==== Provided material ====

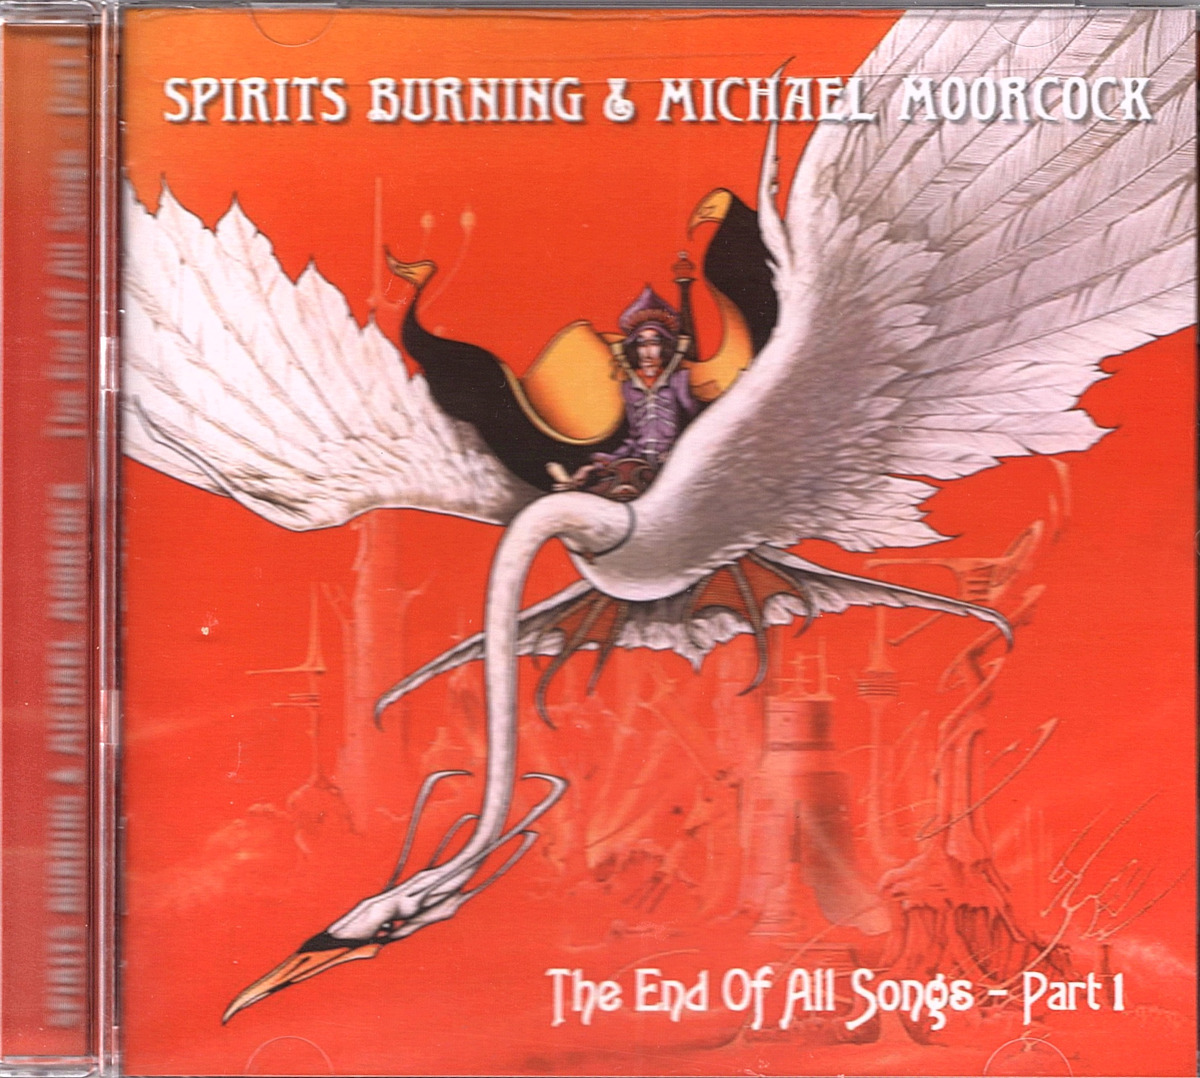 SPIRITS BURNING & MICHAEL MOORCOCK / THE END OF ALL SONGS part1
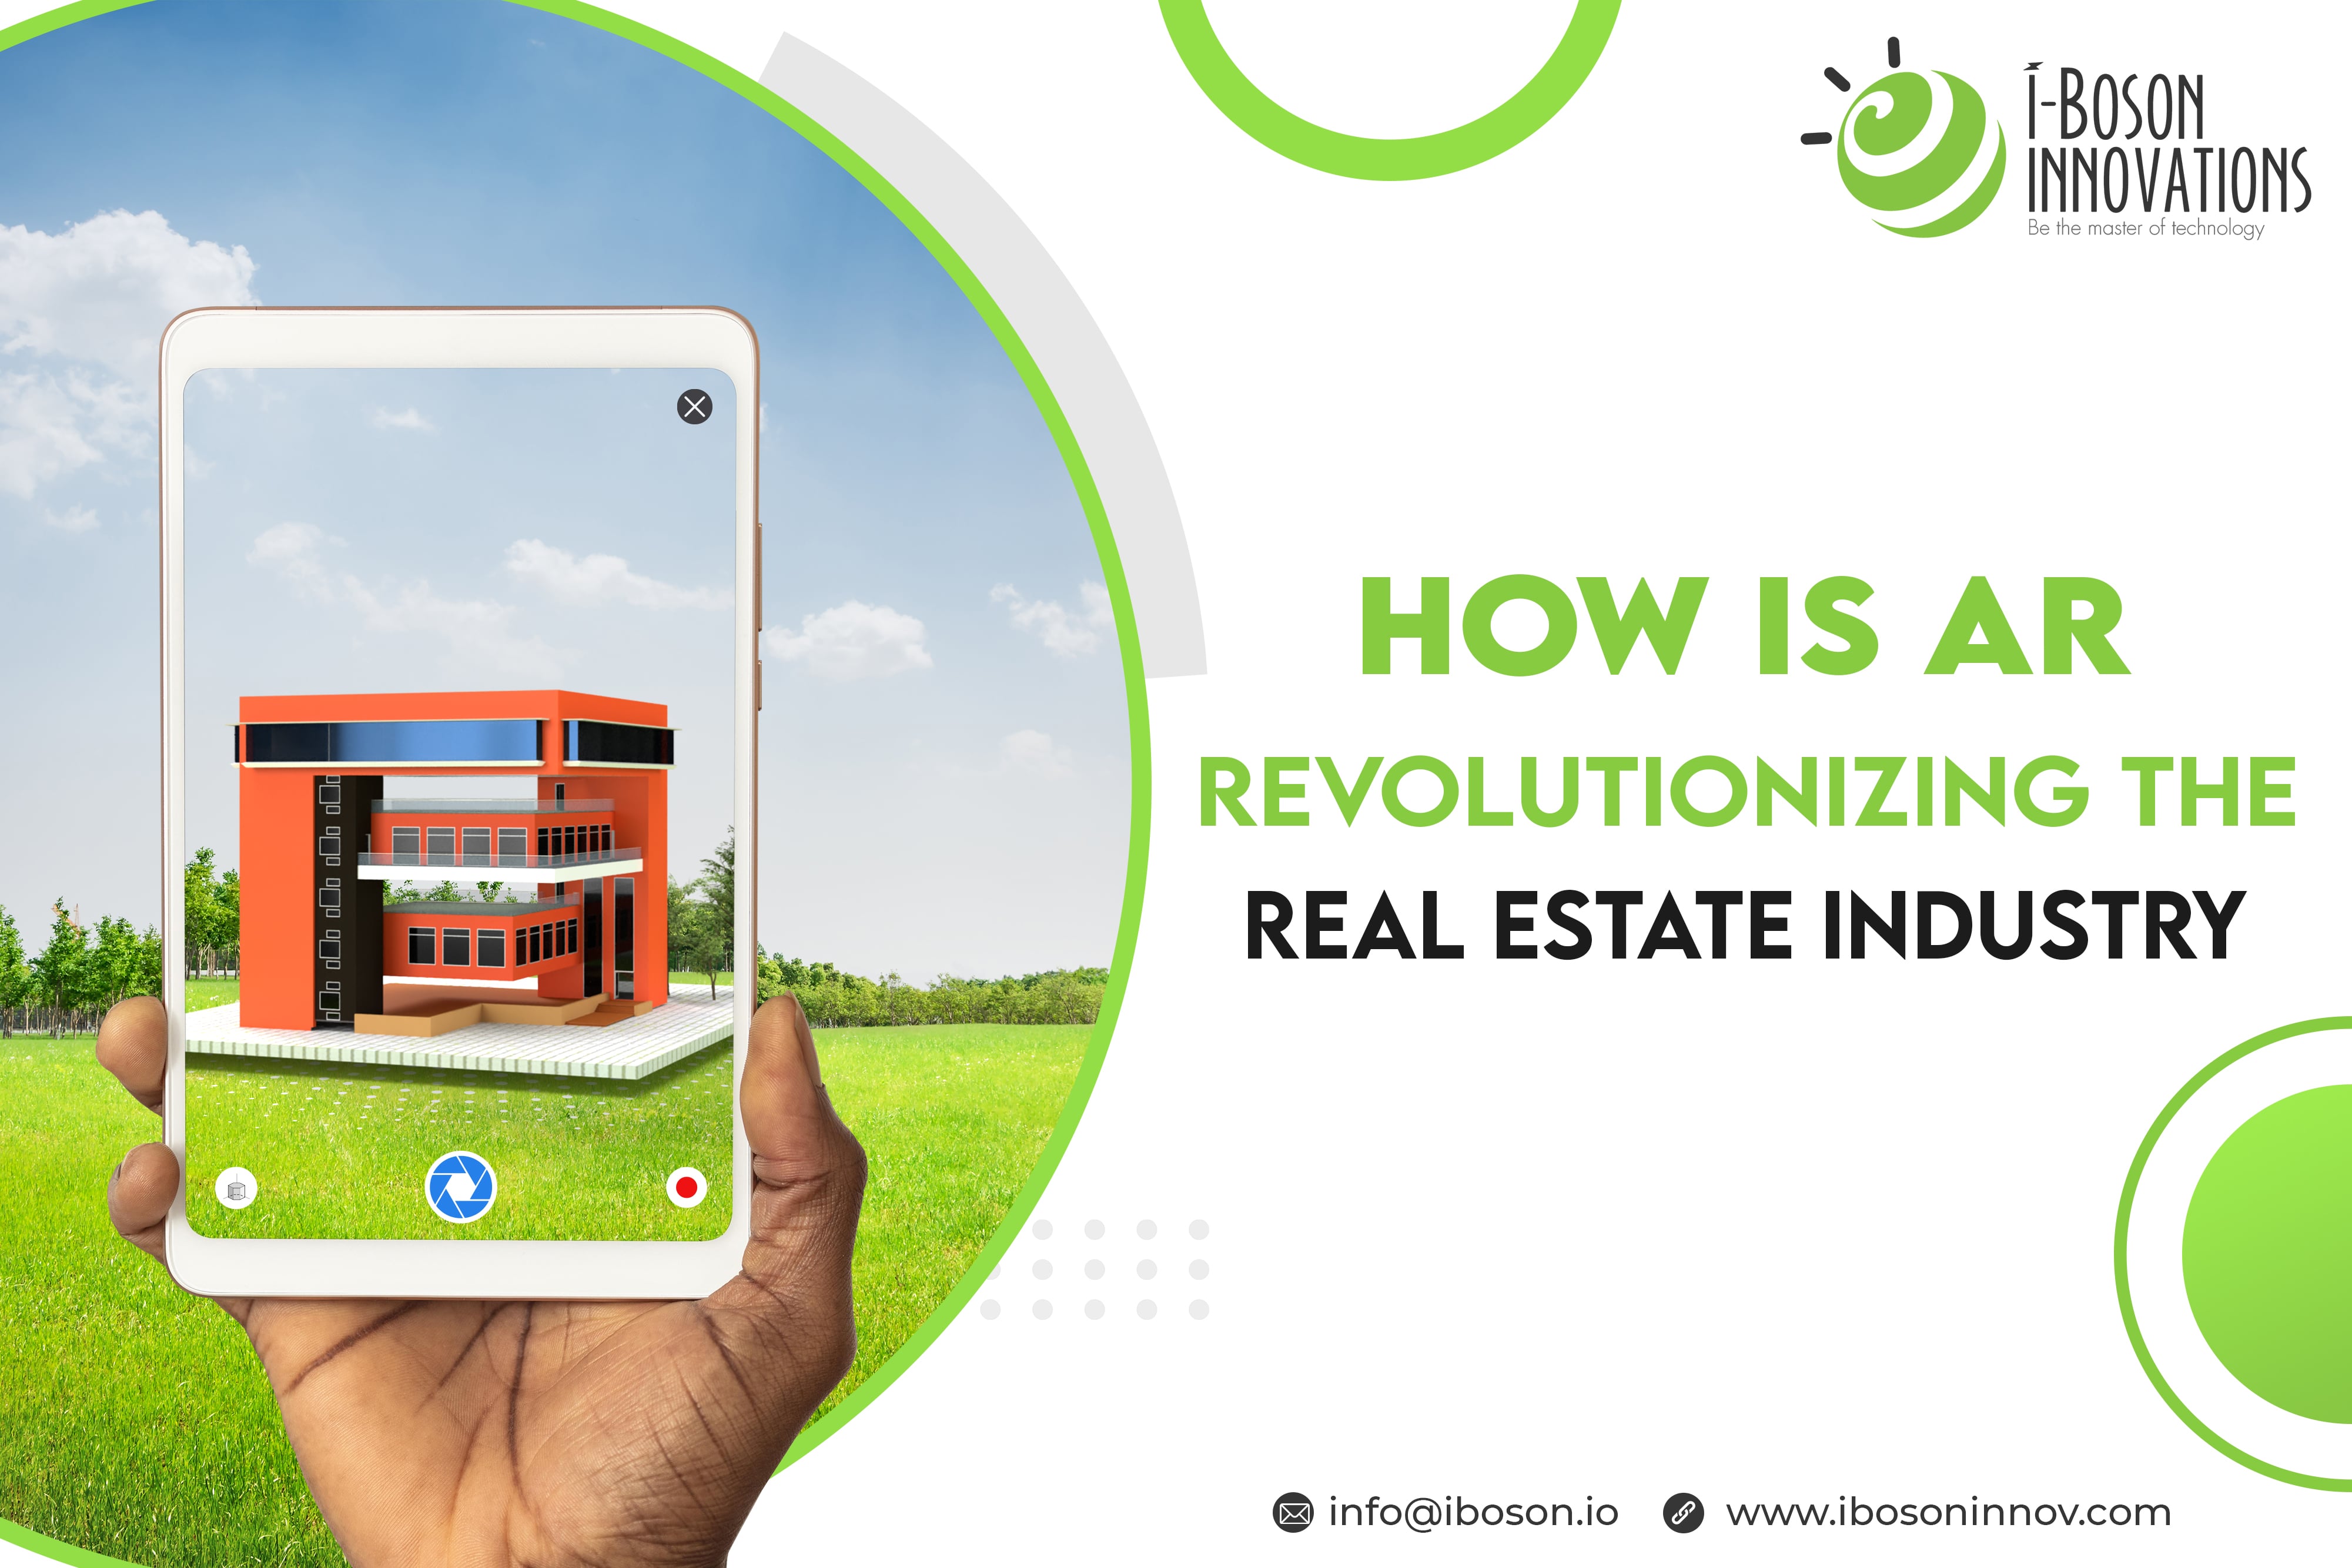 AR changing the real estate sector
                       
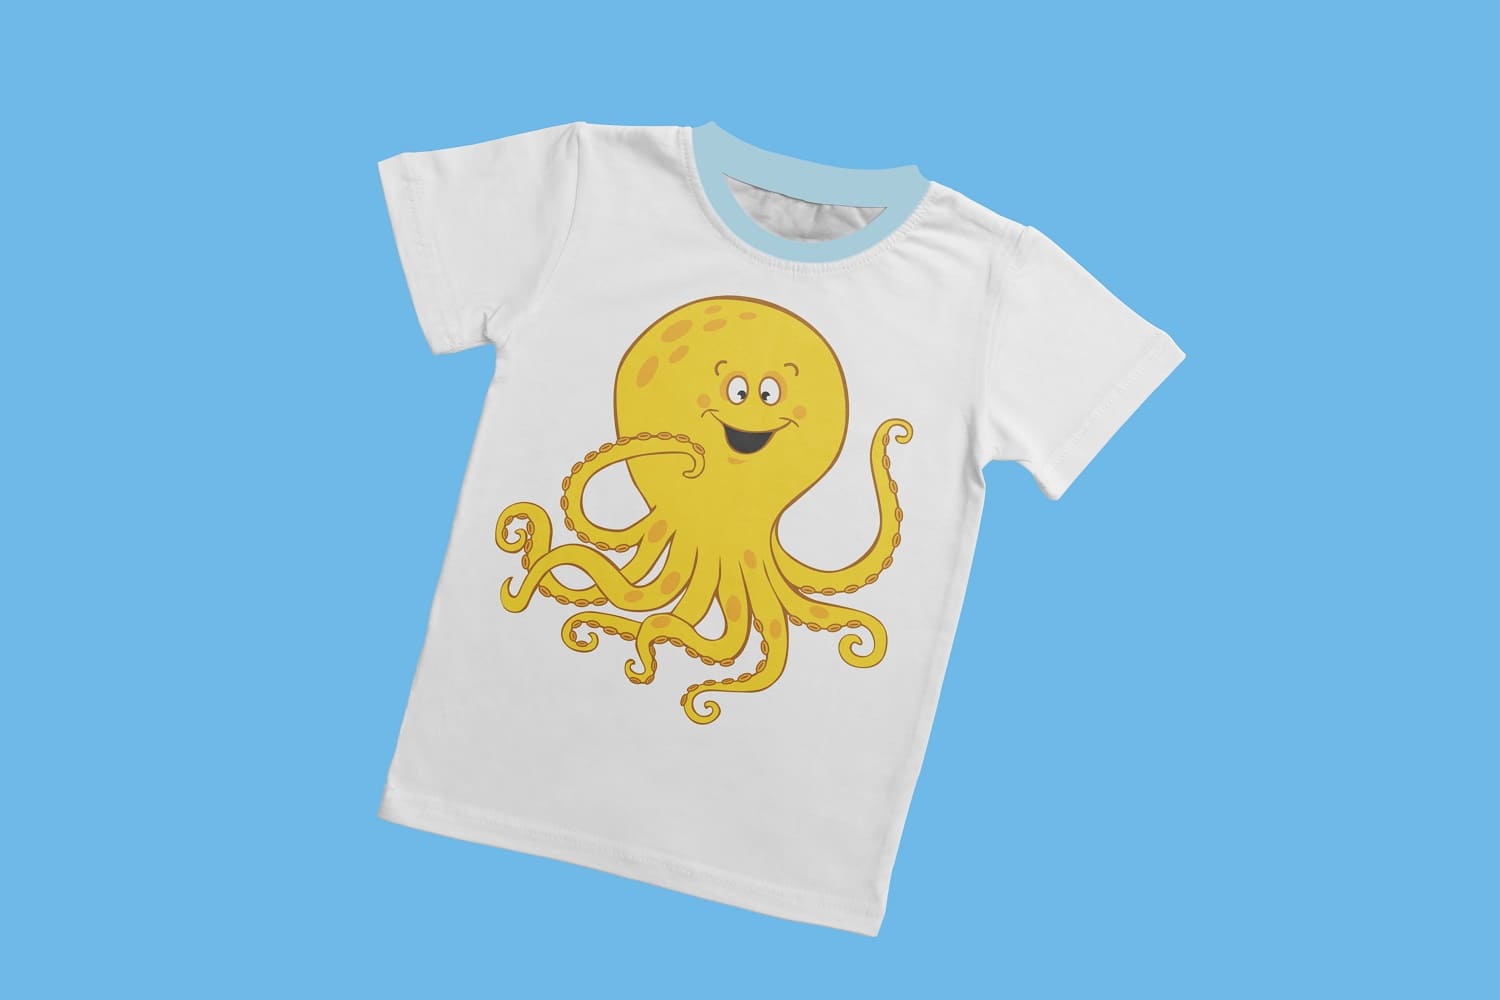 Funny white t-shirt design with a yellow octopus on a blue background.

====

(Requirement)
The whole listing, minus its images, should be repeated exactly.

(Answer below)
 SPIRITS BURNING & MICHAEL MOORCOCK / THE END OF ALL SONGS part1
 AR changing the real estate sector
                       
 Funny white t-shirt design with a yellow octopus on a blue background.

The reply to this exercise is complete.